__WHAT THE TASK REQUIRES__:
Set the data down exactly as it stands, and keep its pictures out.

__DATA EXCERPT__:
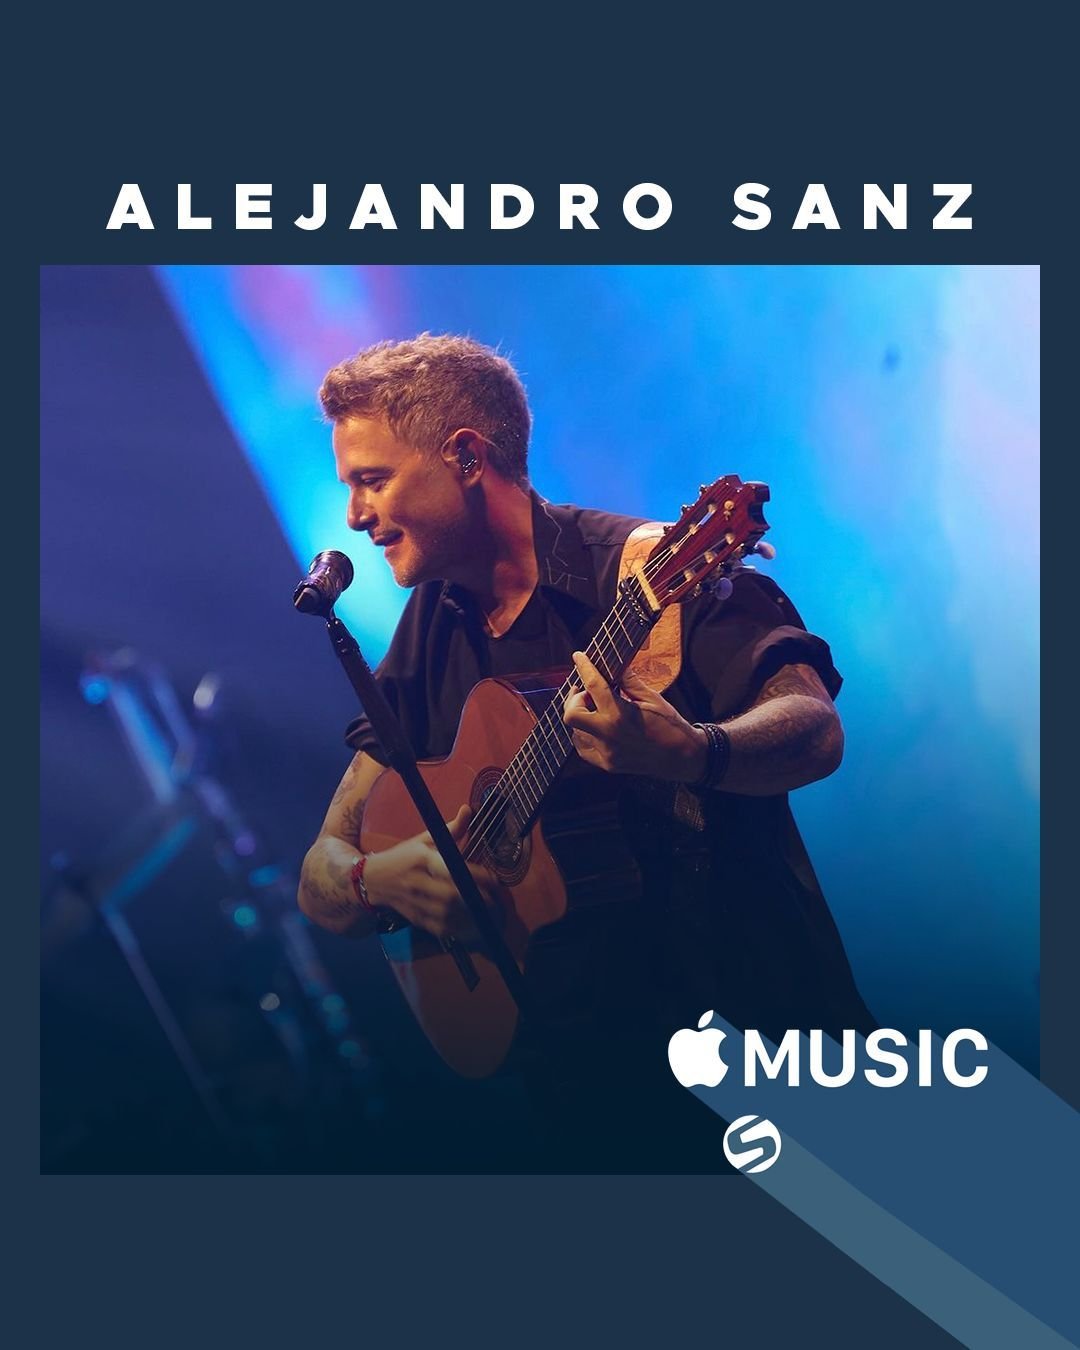 5 canciones de @alejandrosanz que no deben faltar en tu playlist de @applemusic
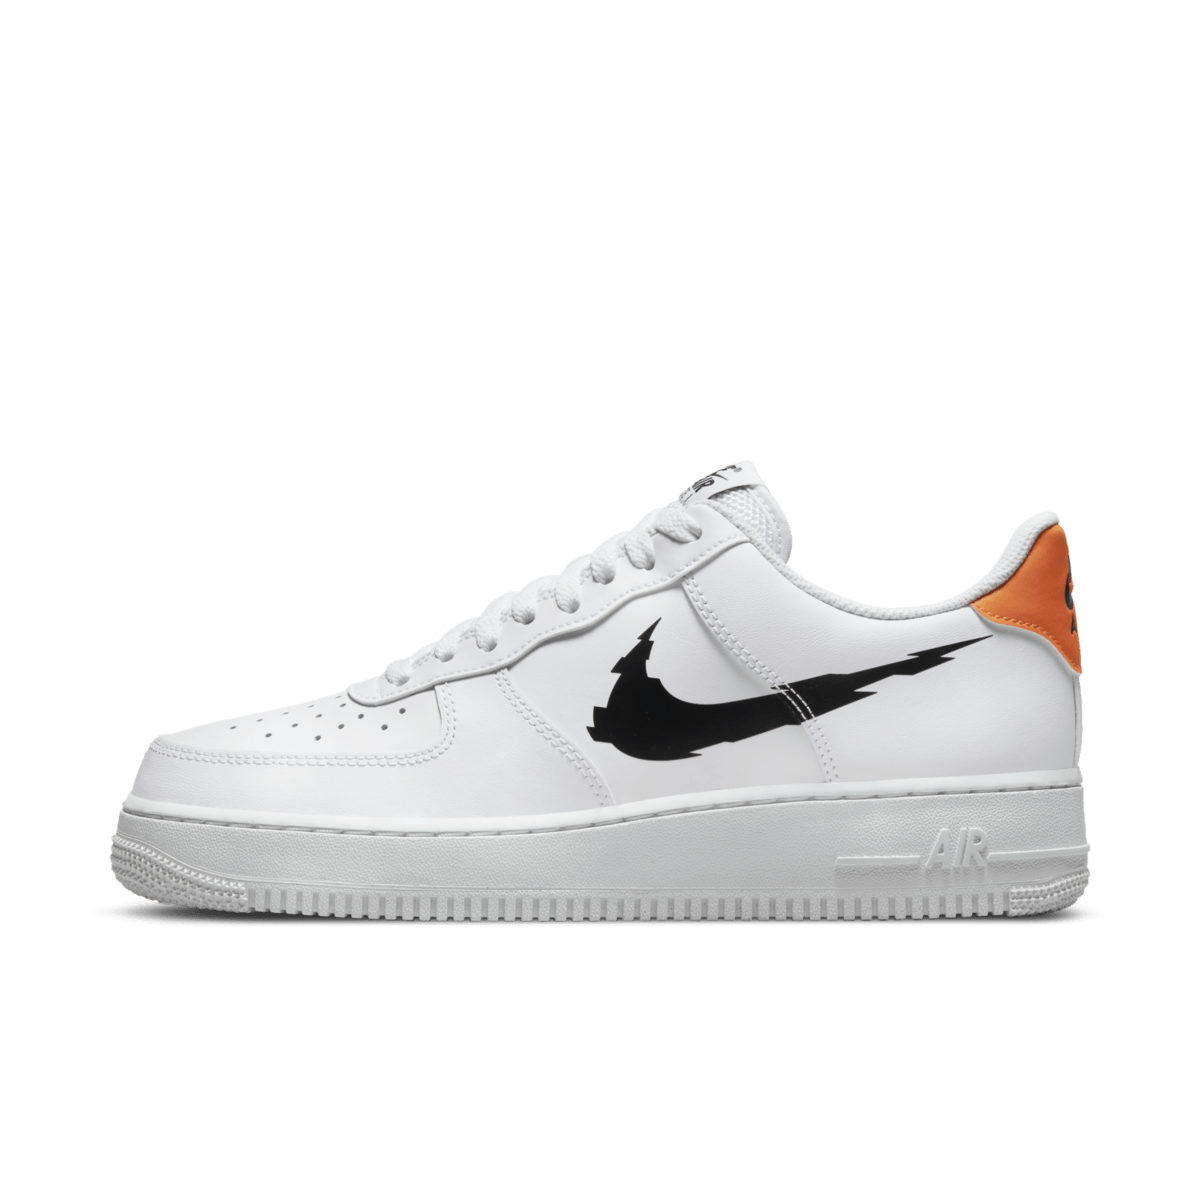 Nike Air Force 1 'White' - Glitch Swoosh DV6483-100
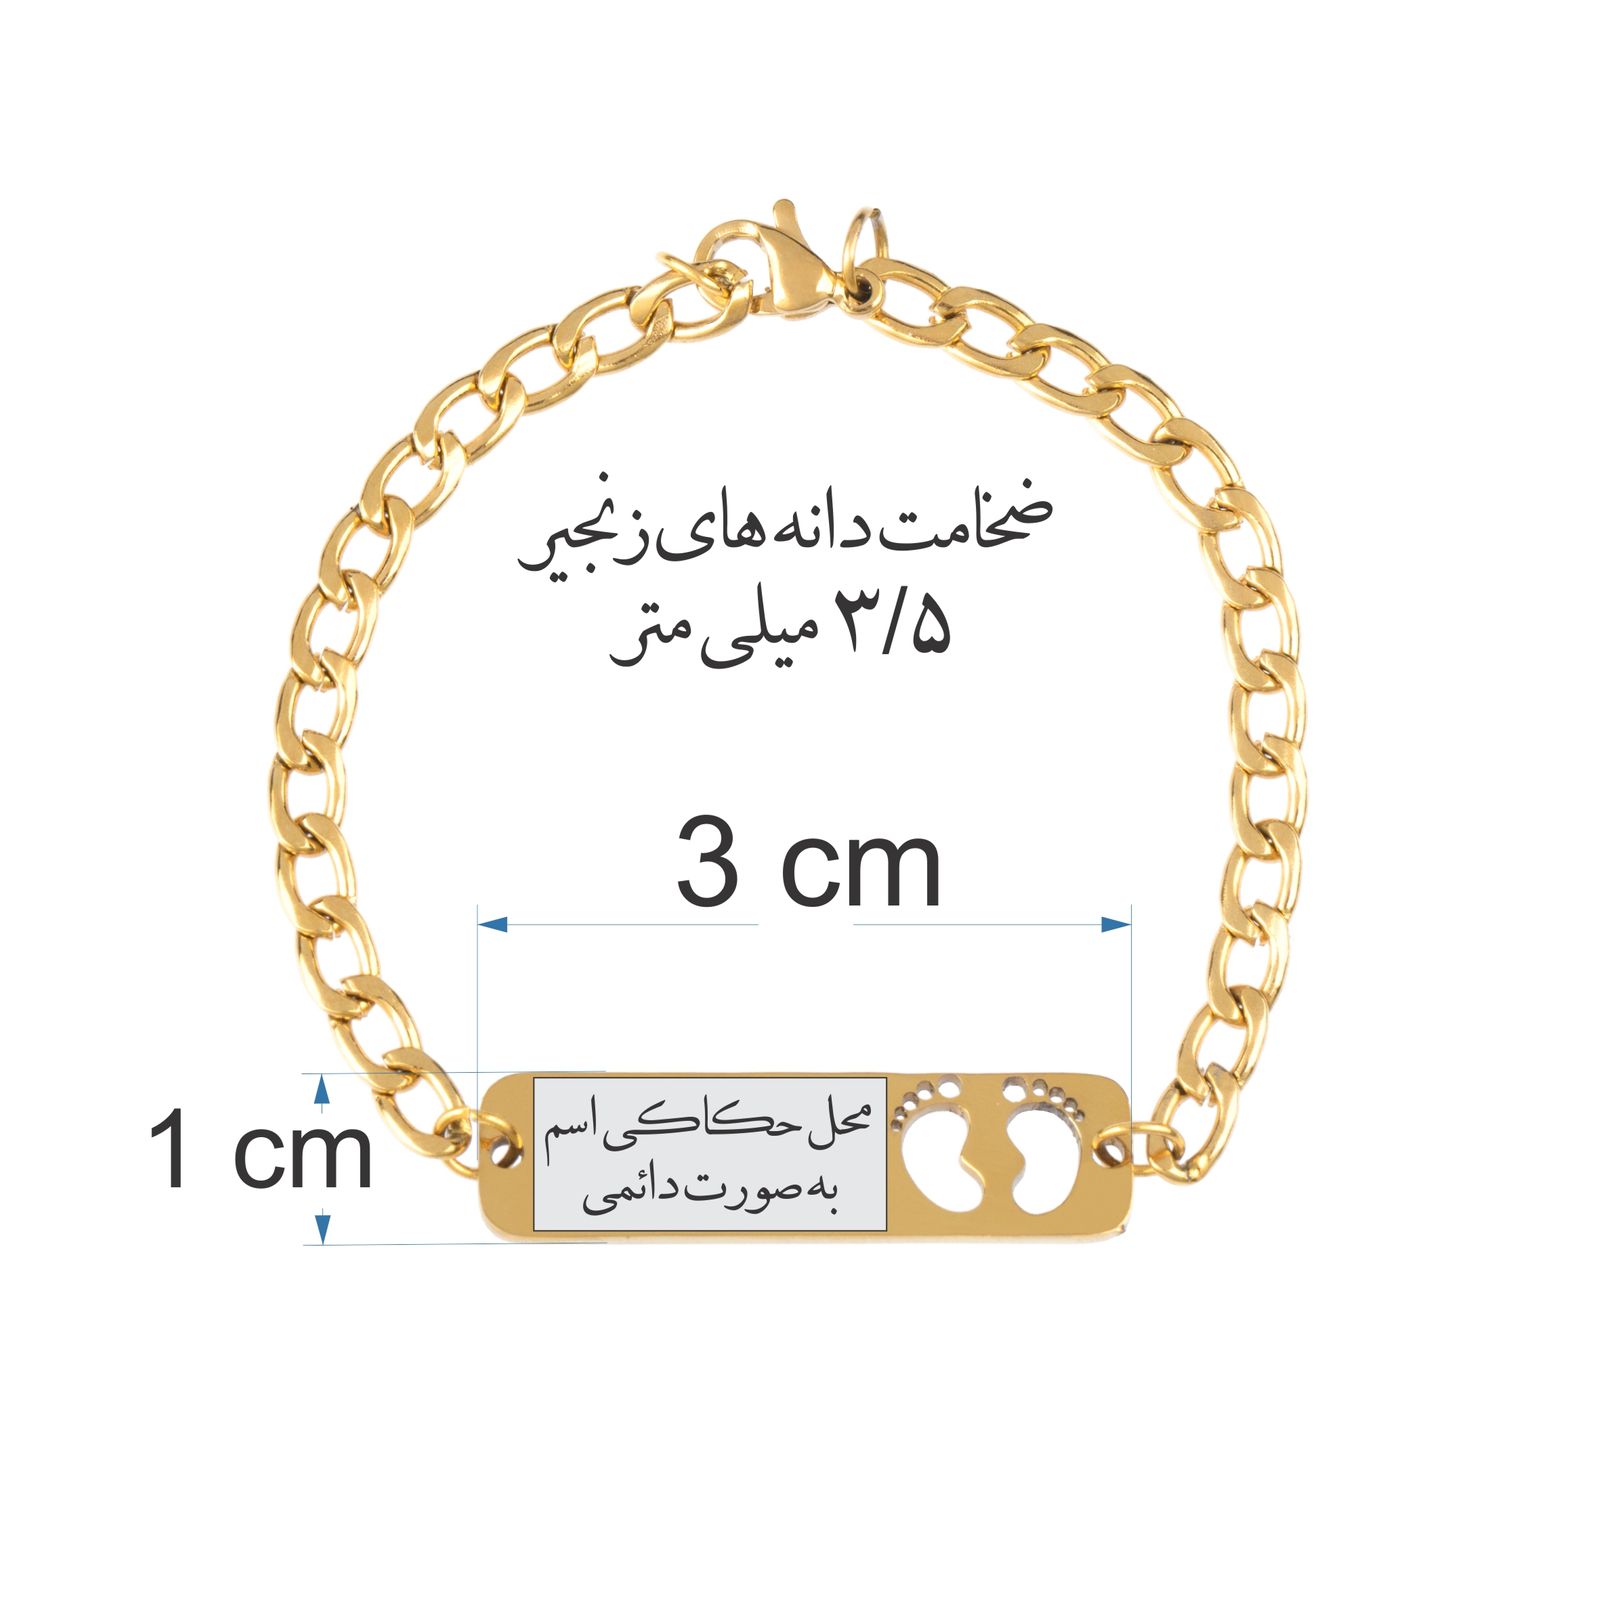 دستبند دخترانه گيلواره زراوشان مدل اسم نادیا کد B217 -  - 3

__SOLVED EXERCISE__:
 5 canciones de @alejandrosanz que no deben faltar en tu playlist de @applemusic
 Nike Air Force 1 'White' - Glitch Swoosh DV6483-100
 دستبند دخترانه گيلواره زراوشان مدل اسم نادیا کد B217 -  - 3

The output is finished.